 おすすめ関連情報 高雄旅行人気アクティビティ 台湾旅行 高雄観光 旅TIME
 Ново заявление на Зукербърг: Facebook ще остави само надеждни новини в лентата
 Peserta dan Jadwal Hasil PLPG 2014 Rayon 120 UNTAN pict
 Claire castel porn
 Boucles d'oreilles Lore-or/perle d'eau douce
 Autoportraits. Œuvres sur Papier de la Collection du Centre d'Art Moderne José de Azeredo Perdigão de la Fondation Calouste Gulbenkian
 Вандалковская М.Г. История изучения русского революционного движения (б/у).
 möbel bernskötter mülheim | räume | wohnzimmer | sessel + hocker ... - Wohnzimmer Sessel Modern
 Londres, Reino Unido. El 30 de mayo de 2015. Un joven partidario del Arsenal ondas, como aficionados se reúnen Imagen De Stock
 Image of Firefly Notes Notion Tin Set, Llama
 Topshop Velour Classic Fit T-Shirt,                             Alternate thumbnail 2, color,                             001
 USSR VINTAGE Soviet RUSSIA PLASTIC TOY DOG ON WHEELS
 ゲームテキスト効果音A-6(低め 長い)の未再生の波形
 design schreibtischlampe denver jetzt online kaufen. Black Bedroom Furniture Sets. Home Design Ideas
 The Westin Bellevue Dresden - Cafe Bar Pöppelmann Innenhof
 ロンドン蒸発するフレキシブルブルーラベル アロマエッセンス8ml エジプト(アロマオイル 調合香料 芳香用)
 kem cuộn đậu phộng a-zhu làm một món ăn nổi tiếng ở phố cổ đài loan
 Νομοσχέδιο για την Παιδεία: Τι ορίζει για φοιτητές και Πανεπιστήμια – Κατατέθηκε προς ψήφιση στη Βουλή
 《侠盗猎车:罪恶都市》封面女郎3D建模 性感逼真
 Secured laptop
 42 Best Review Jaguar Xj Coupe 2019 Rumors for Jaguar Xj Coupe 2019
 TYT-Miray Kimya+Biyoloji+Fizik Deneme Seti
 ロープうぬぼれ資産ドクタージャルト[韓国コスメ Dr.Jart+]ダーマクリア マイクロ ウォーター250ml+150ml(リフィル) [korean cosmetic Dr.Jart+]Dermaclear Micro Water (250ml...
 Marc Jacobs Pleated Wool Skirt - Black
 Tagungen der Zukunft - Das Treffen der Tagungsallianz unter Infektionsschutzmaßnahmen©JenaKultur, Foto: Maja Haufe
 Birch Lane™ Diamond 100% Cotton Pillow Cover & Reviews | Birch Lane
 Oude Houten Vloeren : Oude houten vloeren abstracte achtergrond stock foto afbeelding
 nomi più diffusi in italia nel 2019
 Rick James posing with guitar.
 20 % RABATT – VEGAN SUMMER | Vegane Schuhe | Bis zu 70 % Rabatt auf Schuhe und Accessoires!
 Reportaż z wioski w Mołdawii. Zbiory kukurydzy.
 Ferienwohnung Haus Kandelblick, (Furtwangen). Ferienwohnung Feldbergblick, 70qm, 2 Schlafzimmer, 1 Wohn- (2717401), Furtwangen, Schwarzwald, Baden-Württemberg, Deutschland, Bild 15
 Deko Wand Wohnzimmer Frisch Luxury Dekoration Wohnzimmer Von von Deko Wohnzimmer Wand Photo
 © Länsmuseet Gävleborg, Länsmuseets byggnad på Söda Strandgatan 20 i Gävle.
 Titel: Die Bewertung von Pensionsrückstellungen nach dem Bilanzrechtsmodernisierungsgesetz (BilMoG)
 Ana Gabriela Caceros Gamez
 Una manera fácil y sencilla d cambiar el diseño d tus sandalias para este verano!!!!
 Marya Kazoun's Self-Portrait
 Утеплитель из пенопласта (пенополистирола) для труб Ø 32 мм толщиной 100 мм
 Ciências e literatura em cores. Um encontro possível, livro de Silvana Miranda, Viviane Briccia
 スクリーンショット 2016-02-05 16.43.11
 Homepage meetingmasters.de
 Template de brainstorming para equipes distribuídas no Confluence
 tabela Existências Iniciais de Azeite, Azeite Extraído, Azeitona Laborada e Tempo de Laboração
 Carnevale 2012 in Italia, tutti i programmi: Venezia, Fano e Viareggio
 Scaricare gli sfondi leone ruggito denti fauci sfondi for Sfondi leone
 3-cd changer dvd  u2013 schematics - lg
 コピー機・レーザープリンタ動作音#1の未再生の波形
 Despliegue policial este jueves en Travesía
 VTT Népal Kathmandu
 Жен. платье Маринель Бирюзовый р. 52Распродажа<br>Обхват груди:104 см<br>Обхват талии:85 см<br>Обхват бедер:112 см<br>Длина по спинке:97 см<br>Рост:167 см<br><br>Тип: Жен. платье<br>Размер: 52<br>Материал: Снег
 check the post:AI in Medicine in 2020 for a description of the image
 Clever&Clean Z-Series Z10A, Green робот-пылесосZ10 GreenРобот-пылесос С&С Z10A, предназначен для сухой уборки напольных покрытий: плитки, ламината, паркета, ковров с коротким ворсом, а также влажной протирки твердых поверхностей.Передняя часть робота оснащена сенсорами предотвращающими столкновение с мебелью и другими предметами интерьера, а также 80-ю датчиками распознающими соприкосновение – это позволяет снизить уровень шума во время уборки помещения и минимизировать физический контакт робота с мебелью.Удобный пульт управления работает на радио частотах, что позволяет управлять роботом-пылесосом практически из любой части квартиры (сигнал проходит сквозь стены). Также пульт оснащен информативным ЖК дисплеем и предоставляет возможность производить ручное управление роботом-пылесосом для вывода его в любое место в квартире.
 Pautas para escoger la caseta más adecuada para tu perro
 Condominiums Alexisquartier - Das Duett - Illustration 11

********

[Task to carry out]
A faithful retyping of every entry above is the task.

[Response]
 おすすめ関連情報 高雄旅行人気アクティビティ 台湾旅行 高雄観光 旅TIME
 Ново заявление на Зукербърг: Facebook ще остави само надеждни новини в лентата
 Peserta dan Jadwal Hasil PLPG 2014 Rayon 120 UNTAN pict
 Claire castel porn
 Boucles d'oreilles Lore-or/perle d'eau douce
 Autoportraits. Œuvres sur Papier de la Collection du Centre d'Art Moderne José de Azeredo Perdigão de la Fondation Calouste Gulbenkian
 Вандалковская М.Г. История изучения русского революционного движения (б/у).
 möbel bernskötter mülheim | räume | wohnzimmer | sessel + hocker ... - Wohnzimmer Sessel Modern
 Londres, Reino Unido. El 30 de mayo de 2015. Un joven partidario del Arsenal ondas, como aficionados se reúnen Imagen De Stock
 Image of Firefly Notes Notion Tin Set, Llama
 Topshop Velour Classic Fit T-Shirt,                             Alternate thumbnail 2, color,                             001
 USSR VINTAGE Soviet RUSSIA PLASTIC TOY DOG ON WHEELS
 ゲームテキスト効果音A-6(低め 長い)の未再生の波形
 design schreibtischlampe denver jetzt online kaufen. Black Bedroom Furniture Sets. Home Design Ideas
 The Westin Bellevue Dresden - Cafe Bar Pöppelmann Innenhof
 ロンドン蒸発するフレキシブルブルーラベル アロマエッセンス8ml エジプト(アロマオイル 調合香料 芳香用)
 kem cuộn đậu phộng a-zhu làm một món ăn nổi tiếng ở phố cổ đài loan
 Νομοσχέδιο για την Παιδεία: Τι ορίζει για φοιτητές και Πανεπιστήμια – Κατατέθηκε προς ψήφιση στη Βουλή
 《侠盗猎车:罪恶都市》封面女郎3D建模 性感逼真
 Secured laptop
 42 Best Review Jaguar Xj Coupe 2019 Rumors for Jaguar Xj Coupe 2019
 TYT-Miray Kimya+Biyoloji+Fizik Deneme Seti
 ロープうぬぼれ資産ドクタージャルト[韓国コスメ Dr.Jart+]ダーマクリア マイクロ ウォーター250ml+150ml(リフィル) [korean cosmetic Dr.Jart+]Dermaclear Micro Water (250ml...
 Marc Jacobs Pleated Wool Skirt - Black
 Tagungen der Zukunft - Das Treffen der Tagungsallianz unter Infektionsschutzmaßnahmen©JenaKultur, Foto: Maja Haufe
 Birch Lane™ Diamond 100% Cotton Pillow Cover & Reviews | Birch Lane
 Oude Houten Vloeren : Oude houten vloeren abstracte achtergrond stock foto afbeelding
 nomi più diffusi in italia nel 2019
 Rick James posing with guitar.
 20 % RABATT – VEGAN SUMMER | Vegane Schuhe | Bis zu 70 % Rabatt auf Schuhe und Accessoires!
 Reportaż z wioski w Mołdawii. Zbiory kukurydzy.
 Ferienwohnung Haus Kandelblick, (Furtwangen). Ferienwohnung Feldbergblick, 70qm, 2 Schlafzimmer, 1 Wohn- (2717401), Furtwangen, Schwarzwald, Baden-Württemberg, Deutschland, Bild 15
 Deko Wand Wohnzimmer Frisch Luxury Dekoration Wohnzimmer Von von Deko Wohnzimmer Wand Photo
 © Länsmuseet Gävleborg, Länsmuseets byggnad på Söda Strandgatan 20 i Gävle.
 Titel: Die Bewertung von Pensionsrückstellungen nach dem Bilanzrechtsmodernisierungsgesetz (BilMoG)
 Ana Gabriela Caceros Gamez
 Una manera fácil y sencilla d cambiar el diseño d tus sandalias para este verano!!!!
 Marya Kazoun's Self-Portrait
 Утеплитель из пенопласта (пенополистирола) для труб Ø 32 мм толщиной 100 мм
 Ciências e literatura em cores. Um encontro possível, livro de Silvana Miranda, Viviane Briccia
 スクリーンショット 2016-02-05 16.43.11
 Homepage meetingmasters.de
 Template de brainstorming para equipes distribuídas no Confluence
 tabela Existências Iniciais de Azeite, Azeite Extraído, Azeitona Laborada e Tempo de Laboração
 Carnevale 2012 in Italia, tutti i programmi: Venezia, Fano e Viareggio
 Scaricare gli sfondi leone ruggito denti fauci sfondi for Sfondi leone
 3-cd changer dvd  u2013 schematics - lg
 コピー機・レーザープリンタ動作音#1の未再生の波形
 Despliegue policial este jueves en Travesía
 VTT Népal Kathmandu
 Жен. платье Маринель Бирюзовый р. 52Распродажа<br>Обхват груди:104 см<br>Обхват талии:85 см<br>Обхват бедер:112 см<br>Длина по спинке:97 см<br>Рост:167 см<br><br>Тип: Жен. платье<br>Размер: 52<br>Материал: Снег
 check the post:AI in Medicine in 2020 for a description of the image
 Clever&Clean Z-Series Z10A, Green робот-пылесосZ10 GreenРобот-пылесос С&С Z10A, предназначен для сухой уборки напольных покрытий: плитки, ламината, паркета, ковров с коротким ворсом, а также влажной протирки твердых поверхностей.Передняя часть робота оснащена сенсорами предотвращающими столкновение с мебелью и другими предметами интерьера, а также 80-ю датчиками распознающими соприкосновение – это позволяет снизить уровень шума во время уборки помещения и минимизировать физический контакт робота с мебелью.Удобный пульт управления работает на радио частотах, что позволяет управлять роботом-пылесосом практически из любой части квартиры (сигнал проходит сквозь стены). Также пульт оснащен информативным ЖК дисплеем и предоставляет возможность производить ручное управление роботом-пылесосом для вывода его в любое место в квартире.
 Pautas para escoger la caseta más adecuada para tu perro
 Condominiums Alexisquartier - Das Duett - Illustration 11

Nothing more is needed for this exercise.